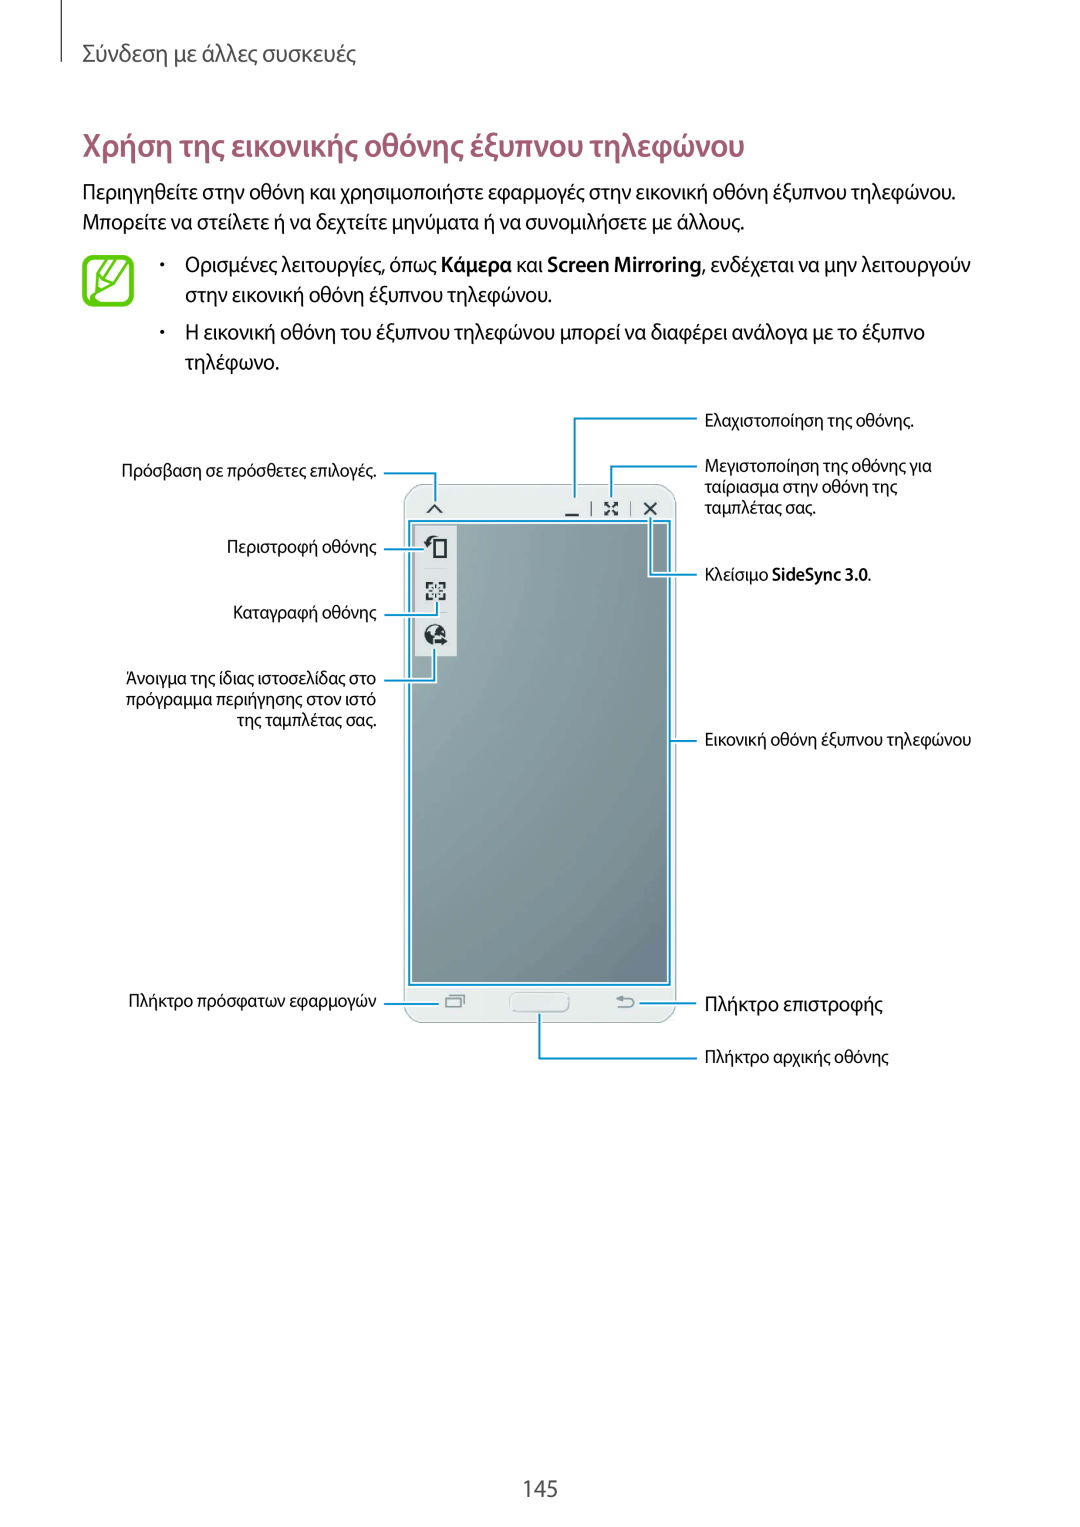 Samsung SM-T805NZWAEUR manual Χρήση της εικονικής οθόνης έξυπνου τηλεφώνου, Σύνδεση με άλλες συσκευές, Πλήκτρο επιστροφής 
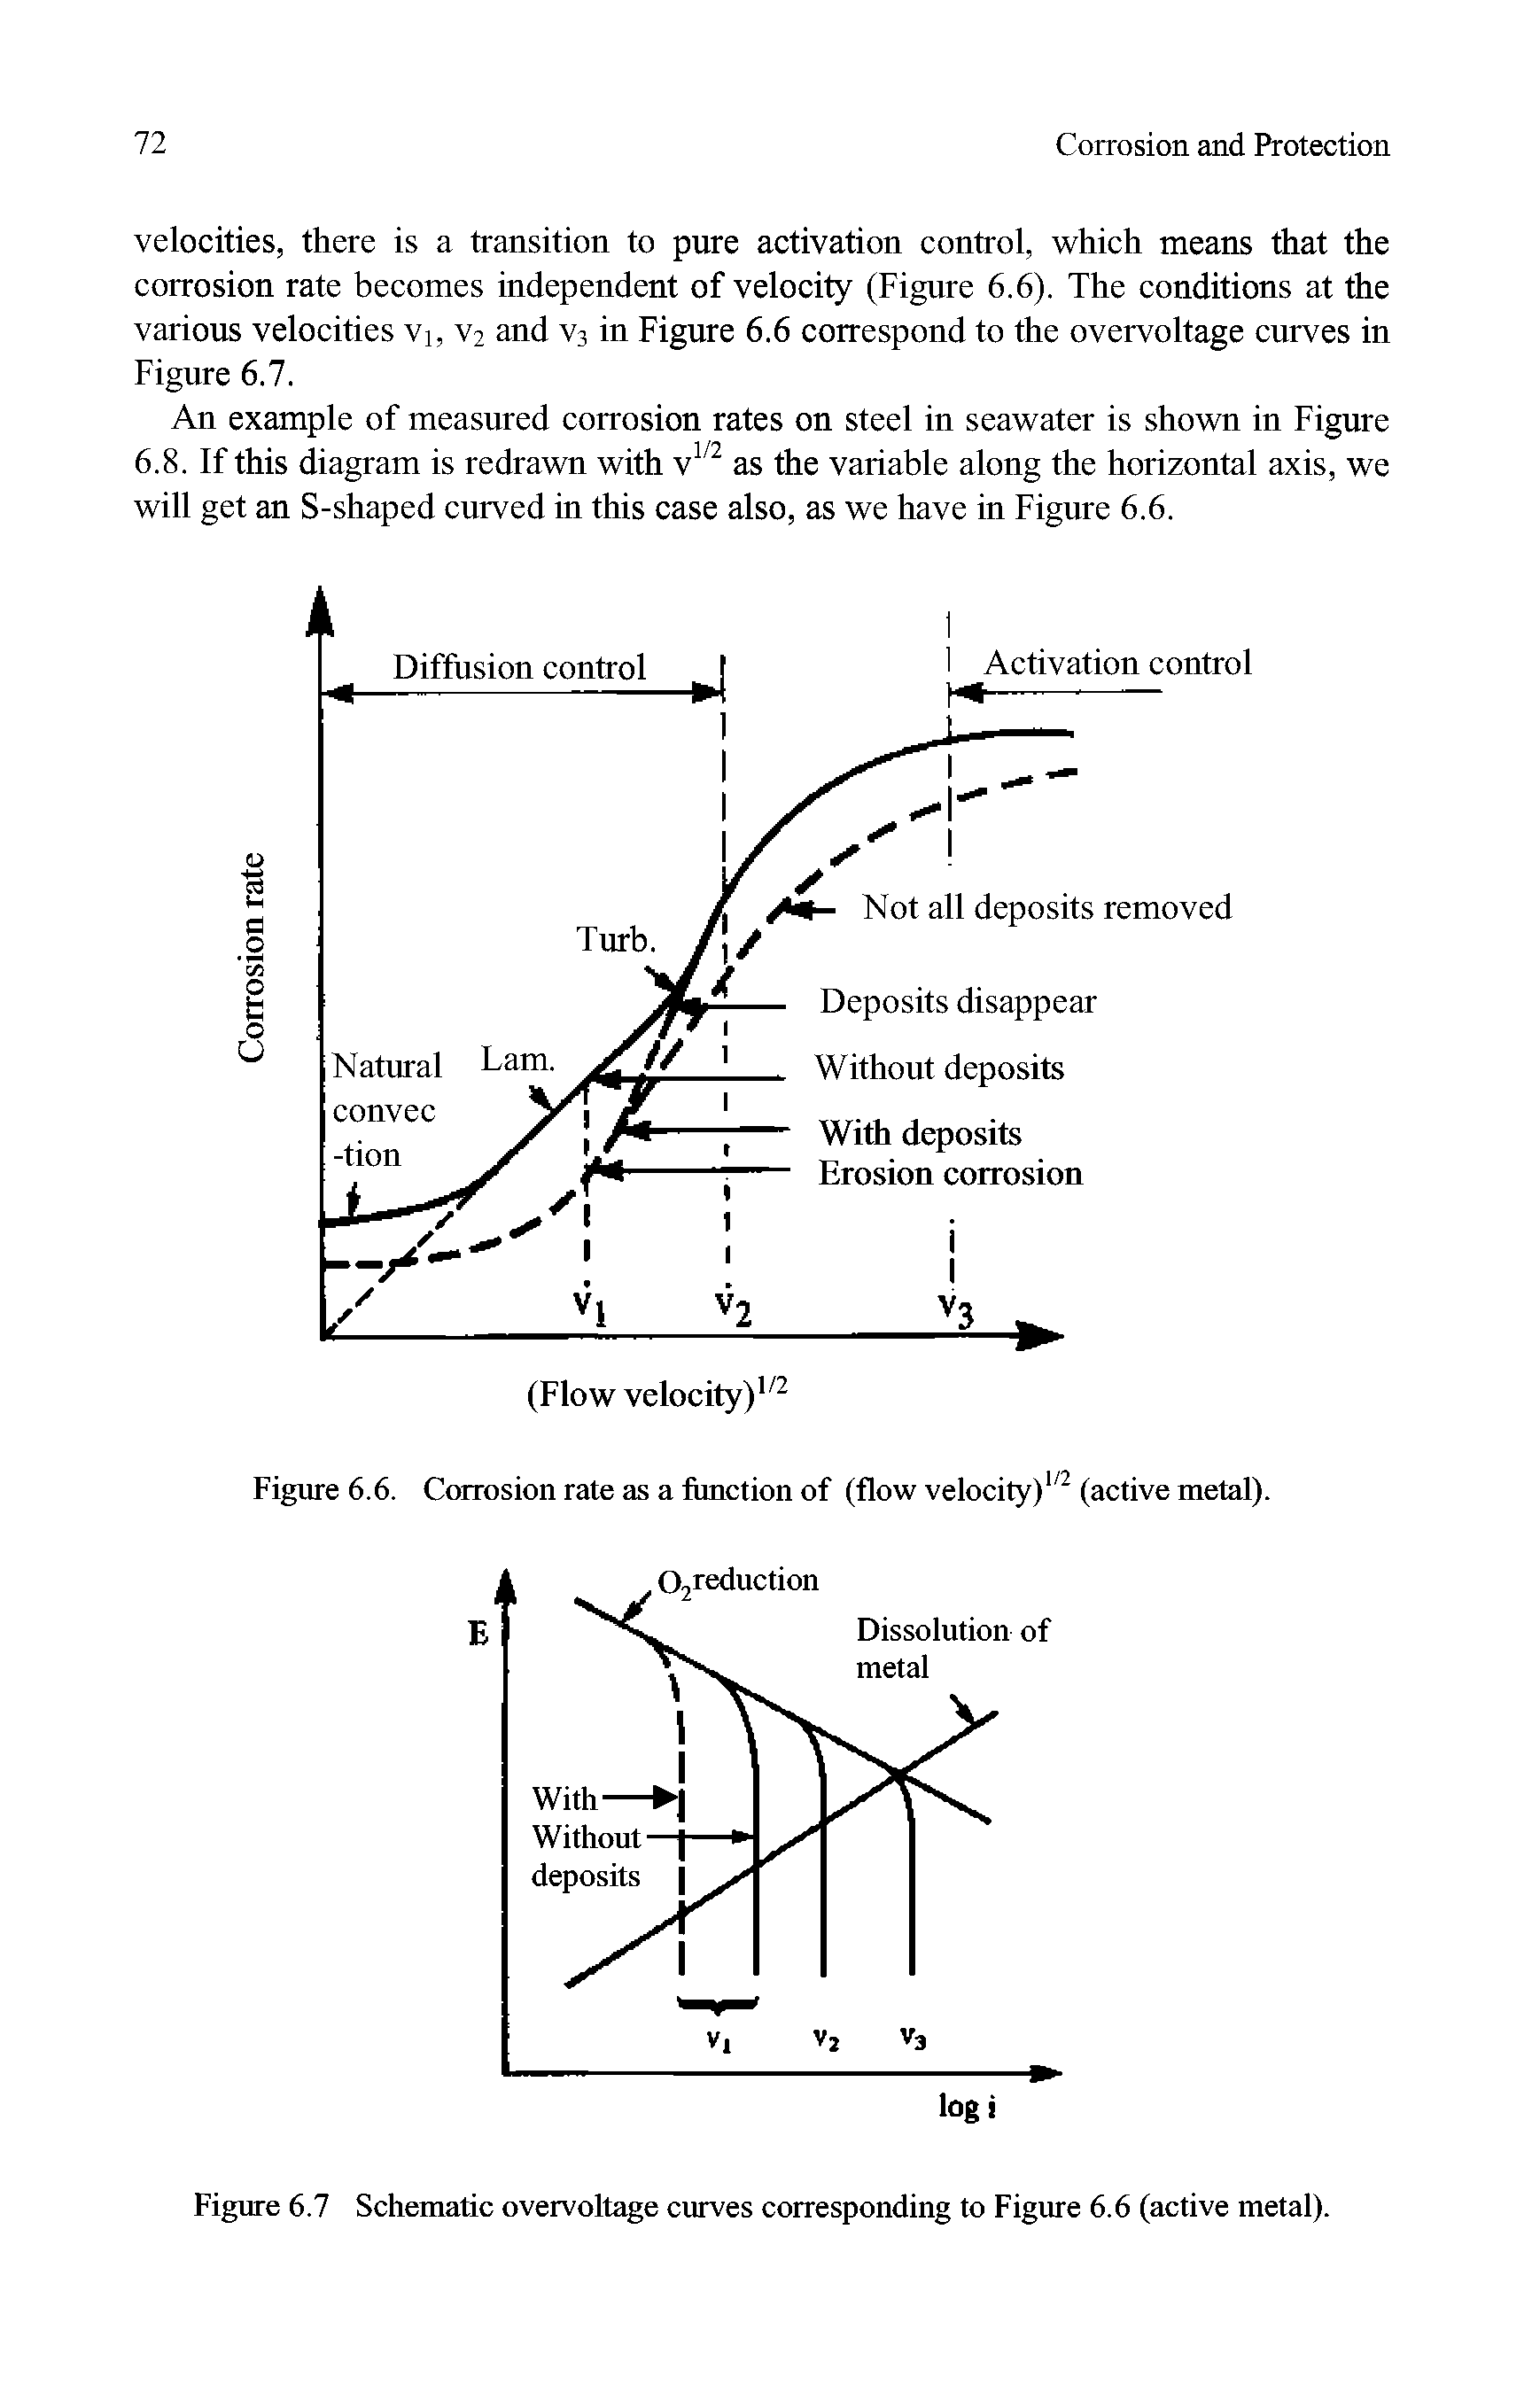 Figure 6.7 Schematic overvoltage curves corresponding to Figure 6.6 (active metal).
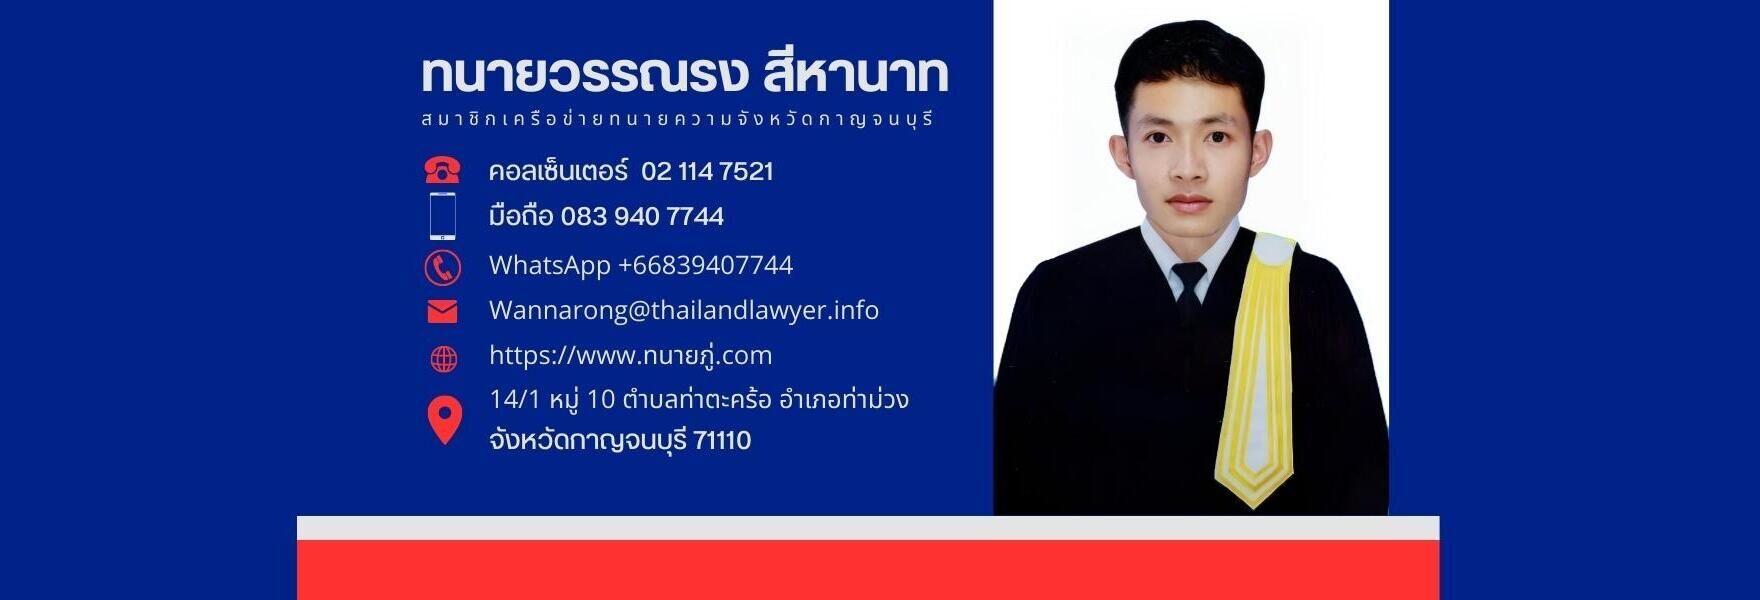 ทนายความจังหวัดกาญจนบุรี
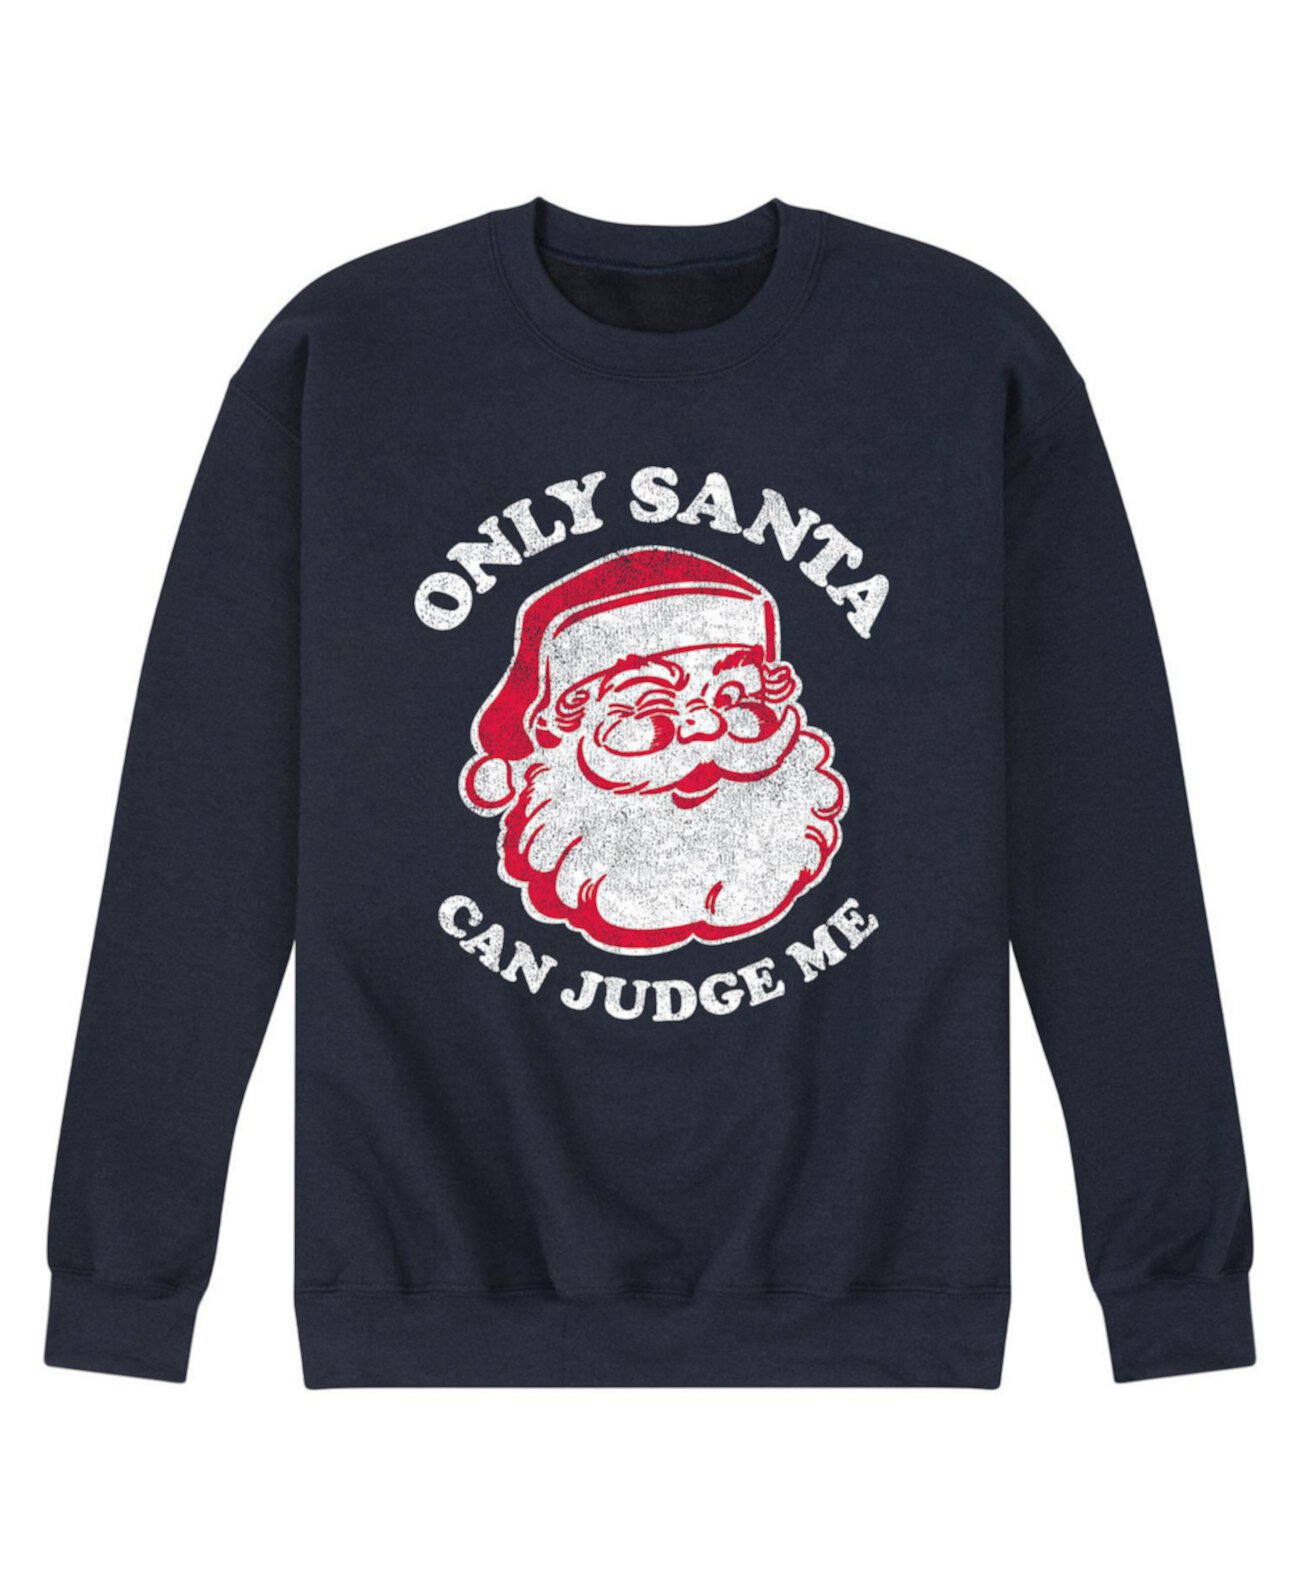 Мужская флисовая футболка Only Santa Can Judge AIRWAVES
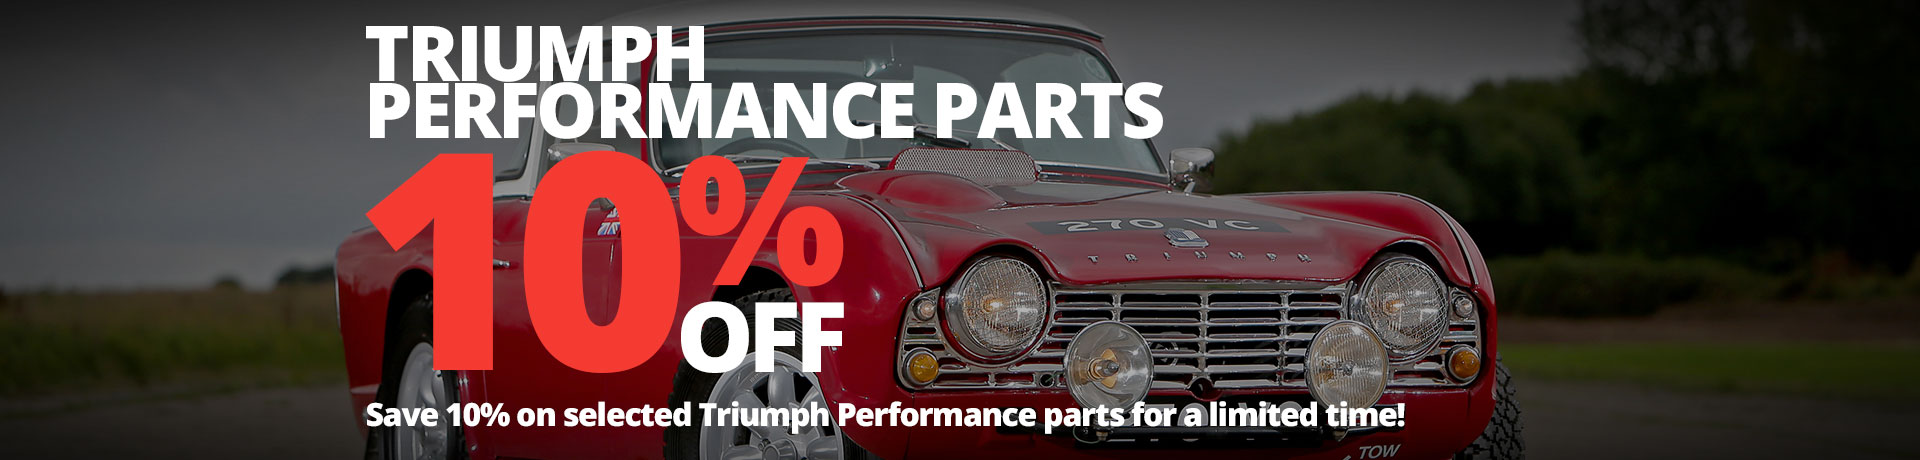 10% off Triumph Performance Parts

----

Apart from the pictures, set down all the entries above exactly.

 Samsung SM-T805NZWAEUR manual Χρήση της εικονικής οθόνης έξυπνου τηλεφώνου, Σύνδεση με άλλες συσκευές, Πλήκτρο επιστροφής 
 Figure 6.7 Schematic overvoltage curves corresponding to Figure 6.6 (active metal).
 ทนายความจังหวัดกาญจนบุรี
 Мужская флисовая футболка Only Santa Can Judge AIRWAVES
 10% off Triumph Performance Parts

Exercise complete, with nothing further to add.